> _The data_
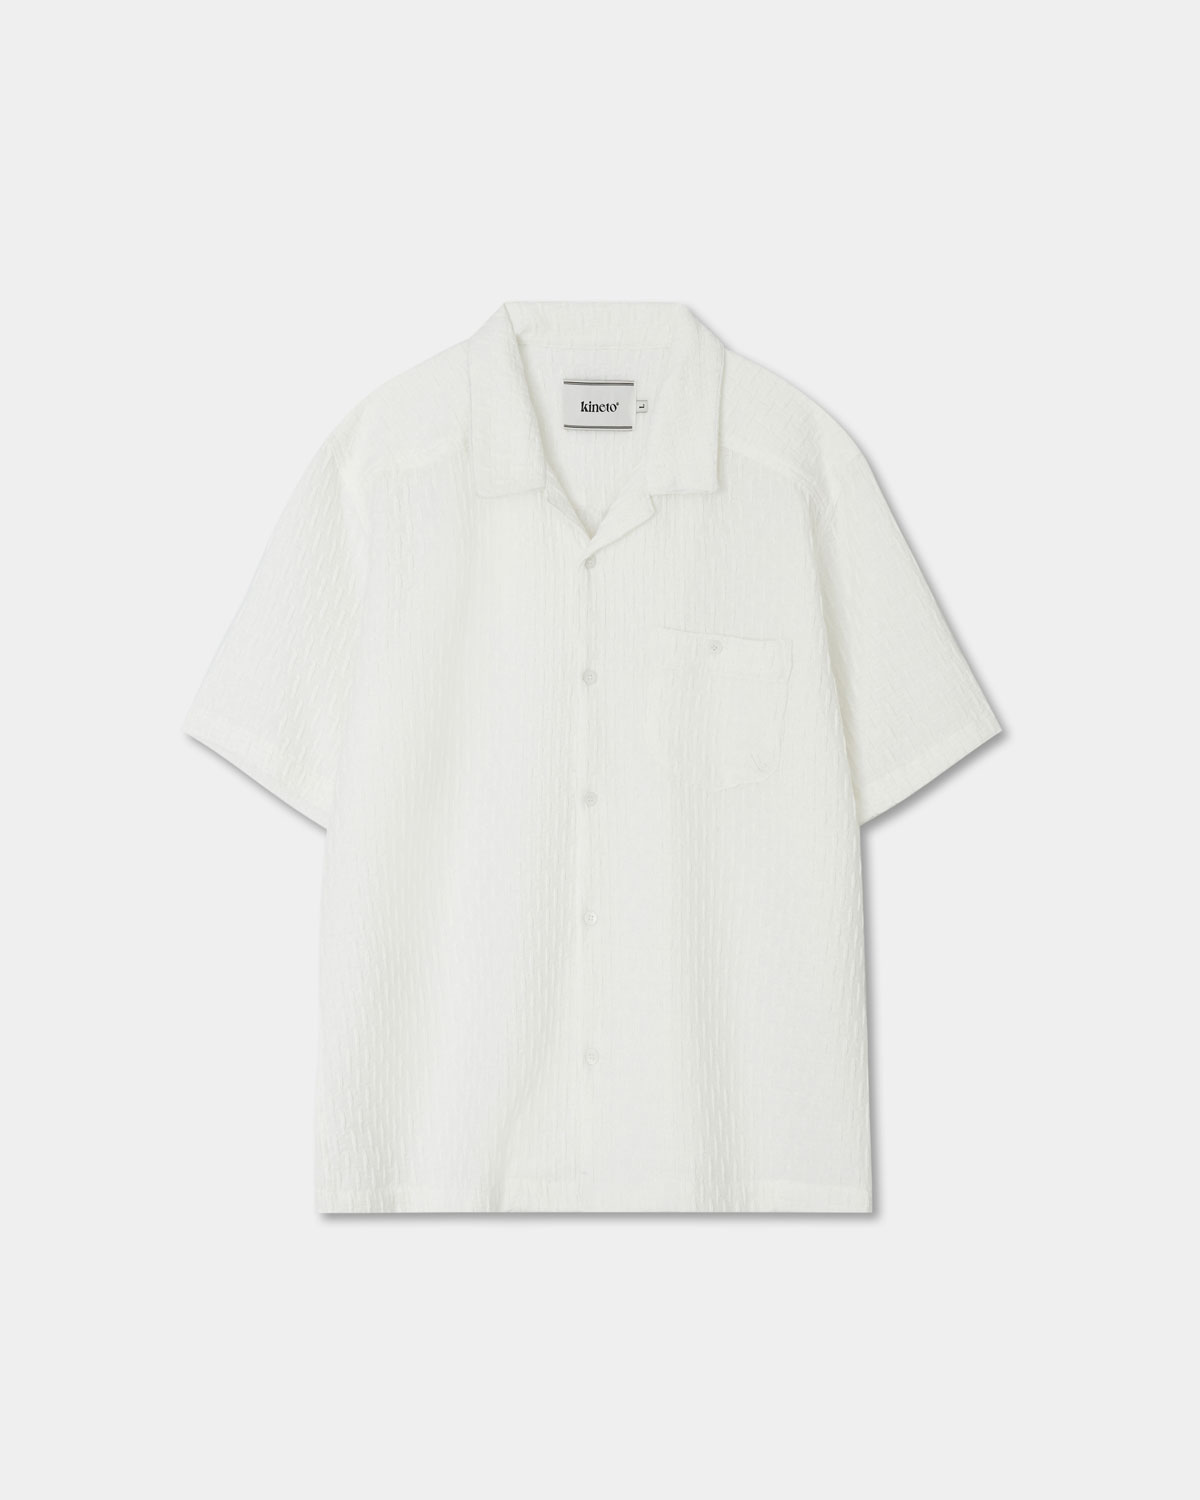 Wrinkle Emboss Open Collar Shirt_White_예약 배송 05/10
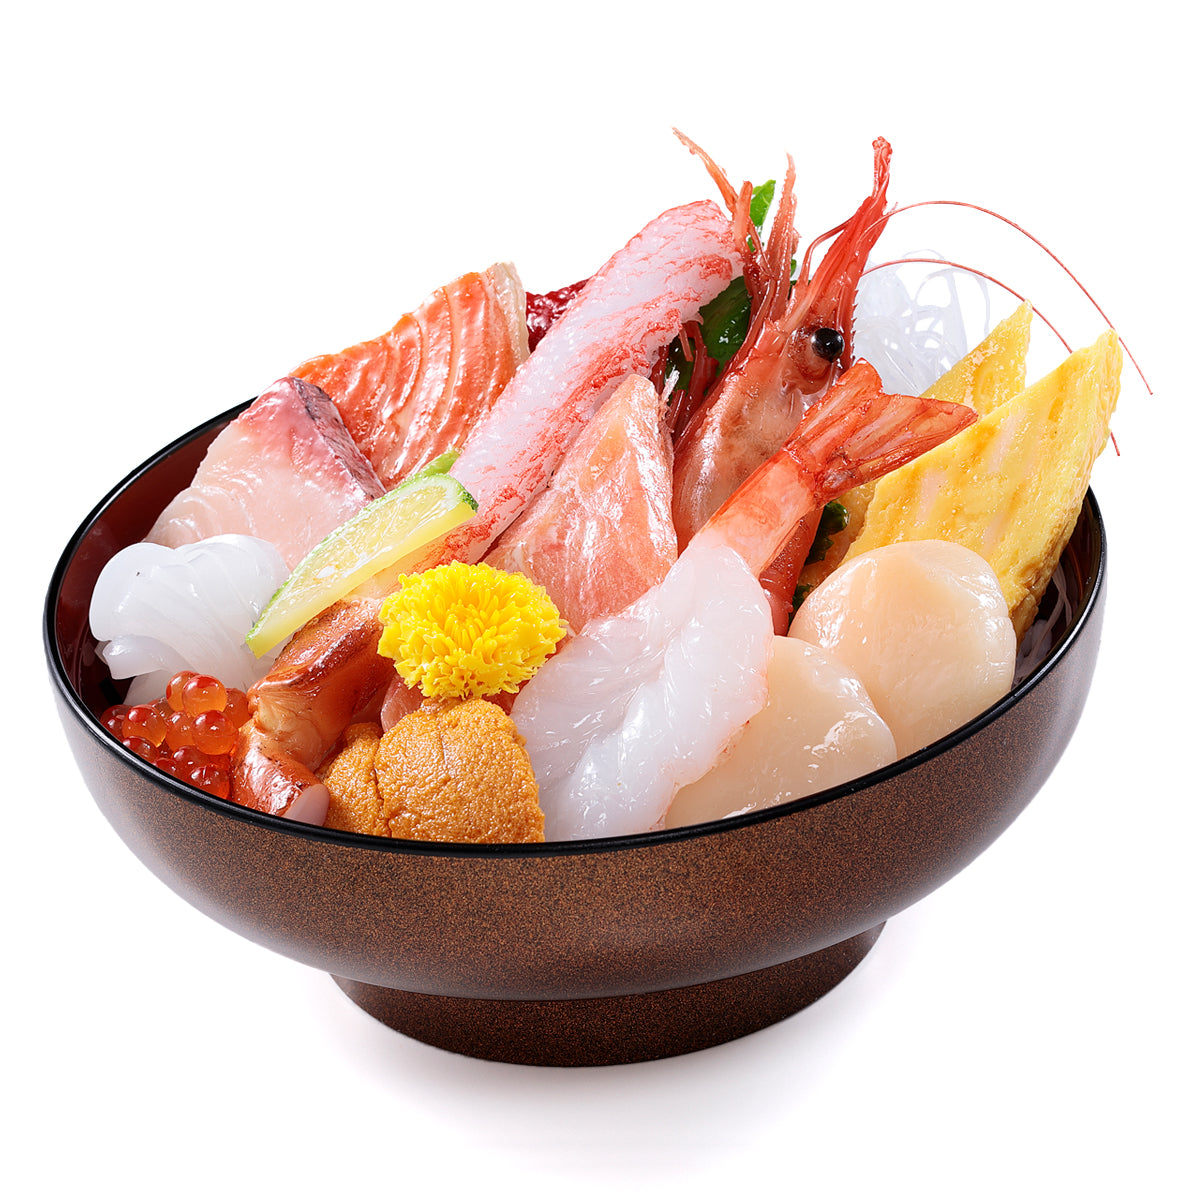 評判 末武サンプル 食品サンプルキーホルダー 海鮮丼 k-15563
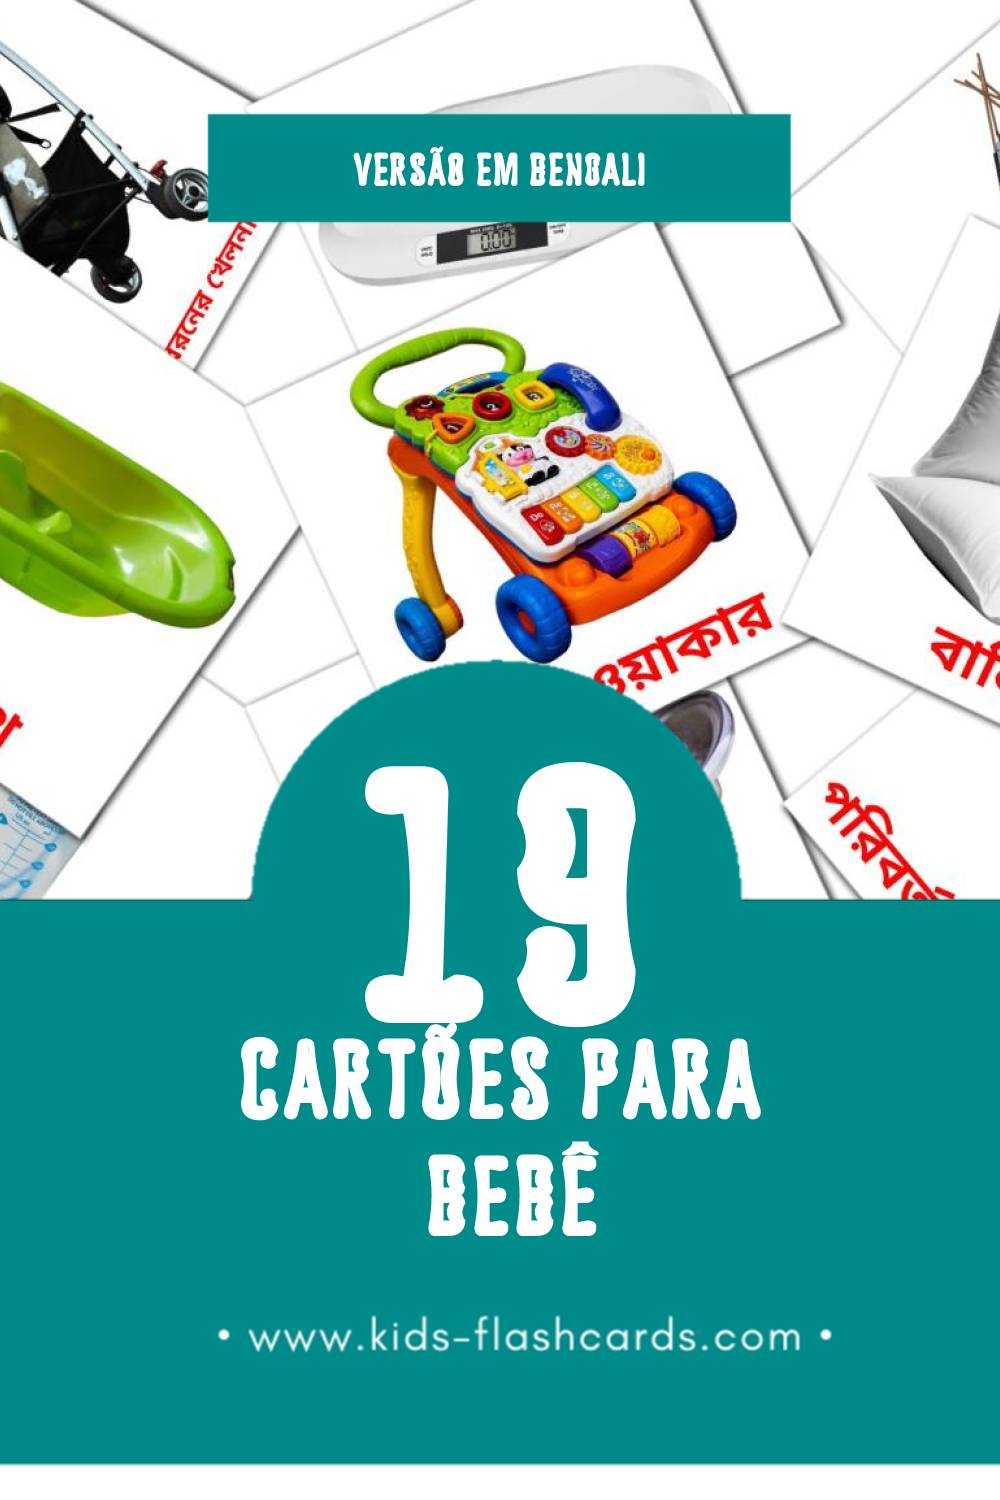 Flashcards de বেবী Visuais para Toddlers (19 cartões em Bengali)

> _Exercise goal_
Would you please copy the material exactly, leaving all the pictures out?

> _Answer below_
 Wrinkle Emboss Open Collar Shirt_White_예약 배송 05/10
 評判 末武サンプル 食品サンプルキーホルダー 海鮮丼 k-15563
 Flashcards de বেবী Visuais para Toddlers (19 cartões em Bengali)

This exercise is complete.